Date: 09/08/97 at 13:25:23
From: Russ Boyd
Subject: Hero's formula

Could you tell me where to find a proof of Hero's formula or help on 
how to derive it?  I am a teacher and my class is working on it.

Date: 09/08/97 at 16:05:14
From: Doctor Wilkinson
Subject: Re: Hero's formula

The book "Journey through Genius" has a proof very much like Hero's.  
You can derive it by brute force from the law of cosines.

-Doctor Wilkinson,  The Math Forum
 Check out our web site!  http://mathforum.org/dr.math/


Date: 09/08/97 at 16:35:37
From: Doctor Anthony
Subject: Re: Hero's formula

We use the formula  area = (1/2)bc.sin(A)

And sin(A) = 2 sin(A/2).cos(A/2)    so area = bc.sin(A/2).cos(A/2)

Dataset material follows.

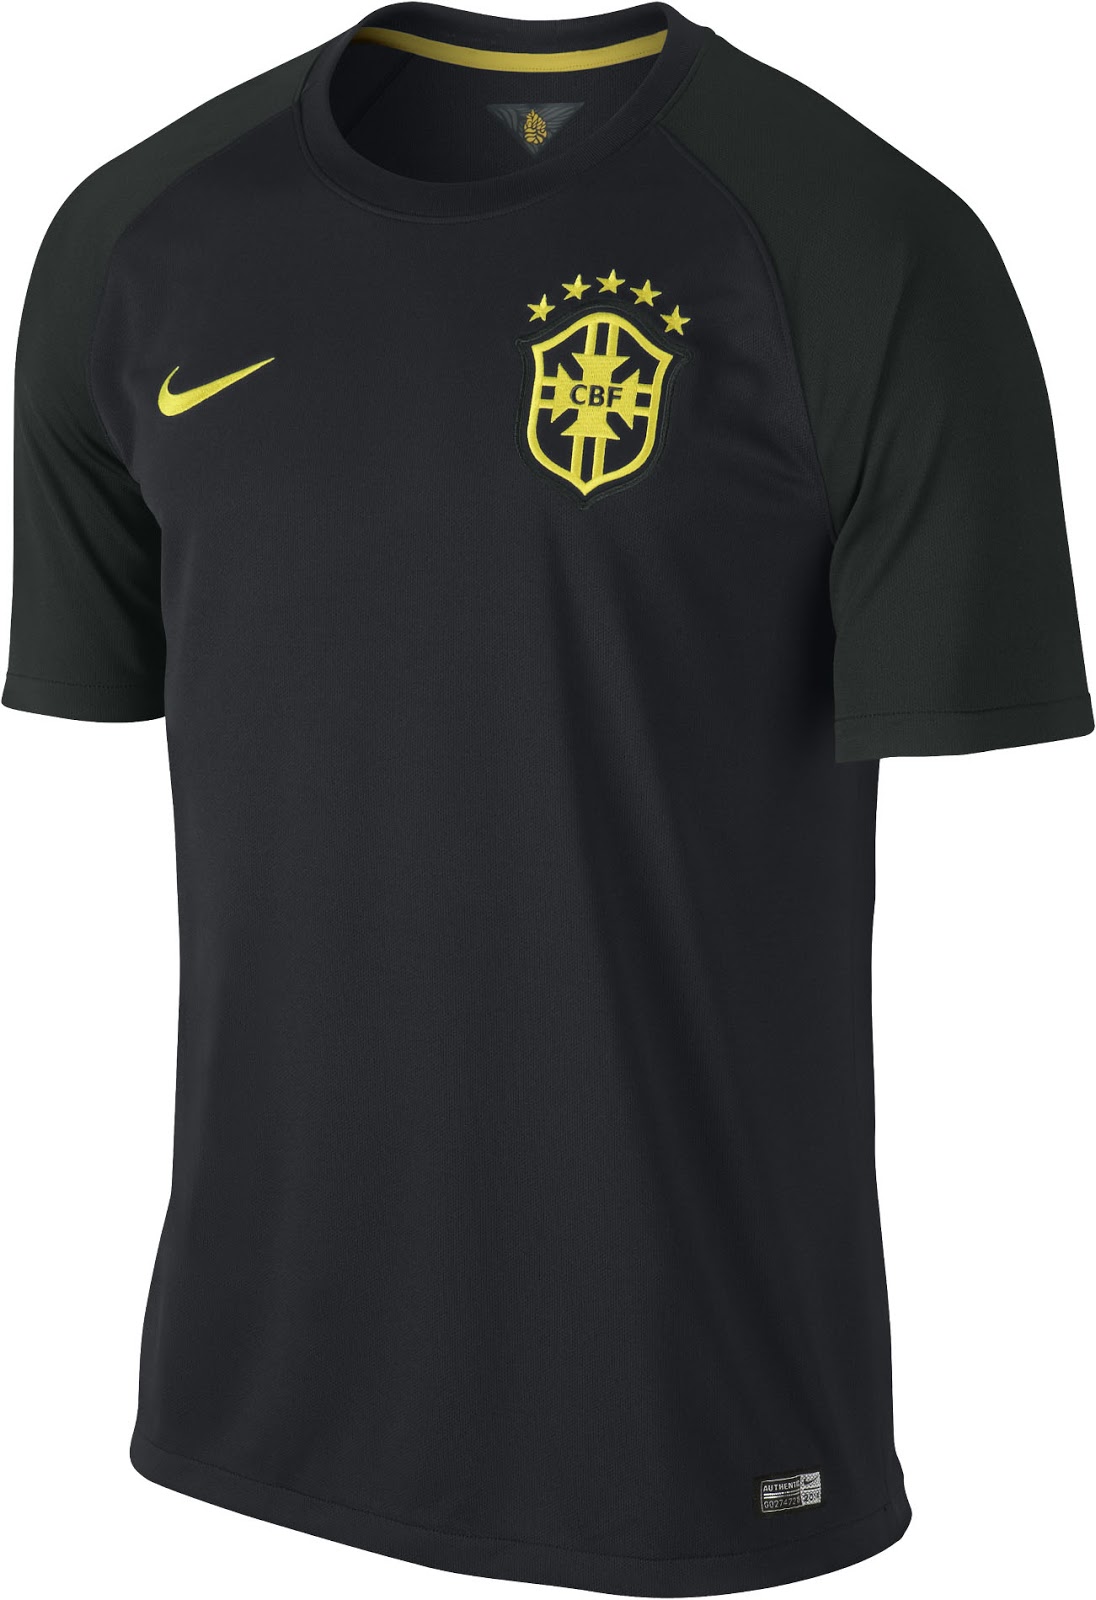 Brazil-2014-NIKE-new-third-kit-4.jpg

Next we find expressions for cos(A/2) and sin(A/2) in terms of 
s, a, b, c, where a, b, c are the sides of the triangle and s is 
the semi-perimeter.

So  s = (a+b+c)/2

                                    b^2 + c^2 - a^2
  cos(A) =   2cos^2(A/2) - 1    =   ----------------
                                         2bc


                                    b^2 + c^2 - a^2
                2cos^2(A/2) = 1 + ------------------
                                         2bc


                               (b+c)^2 - a^2      (b+c-a)(b+c+a)
                            =  --------------   = --------------
                                    2bc                2bc

                                 (2s-2a)2s
                            =   -----------
                                    2bc

                                   s(s-a) 
                     cos^2(A/2) = ---------
                                     bc

                                   b^2 + c^2 - a^2
Next  cos(A) = 1 - 2 sin^2(A/2) = ----------------
                                        2bc

                                       b^2 + c^2 - a^2
                    2sin^2(A/2) = 1 - ----------------
                                            2bc

                                   a^2 - (b-c)^2      (a-b+c)(a+b-c)
                                =  --------------  =  --------------
                                       2bc                  2bc

                                   (2s-2b)(2s-2c)
                                =  --------------
                                        2bc

                                    (s-b)(s-c)
                    sin^2(A/2)  =  ------------
                                         bc

 We can now return to the formula for the area of the triangle:

     (1/2)bc.sin(A) = bc.sin(A/2).cos(A/2) 

                      bc.sqrt[s(s-a)(s-b(s-c)]
                    = ------------------------
                               bc

                    = sqrt[s(s-a)(s-b)(s-c)]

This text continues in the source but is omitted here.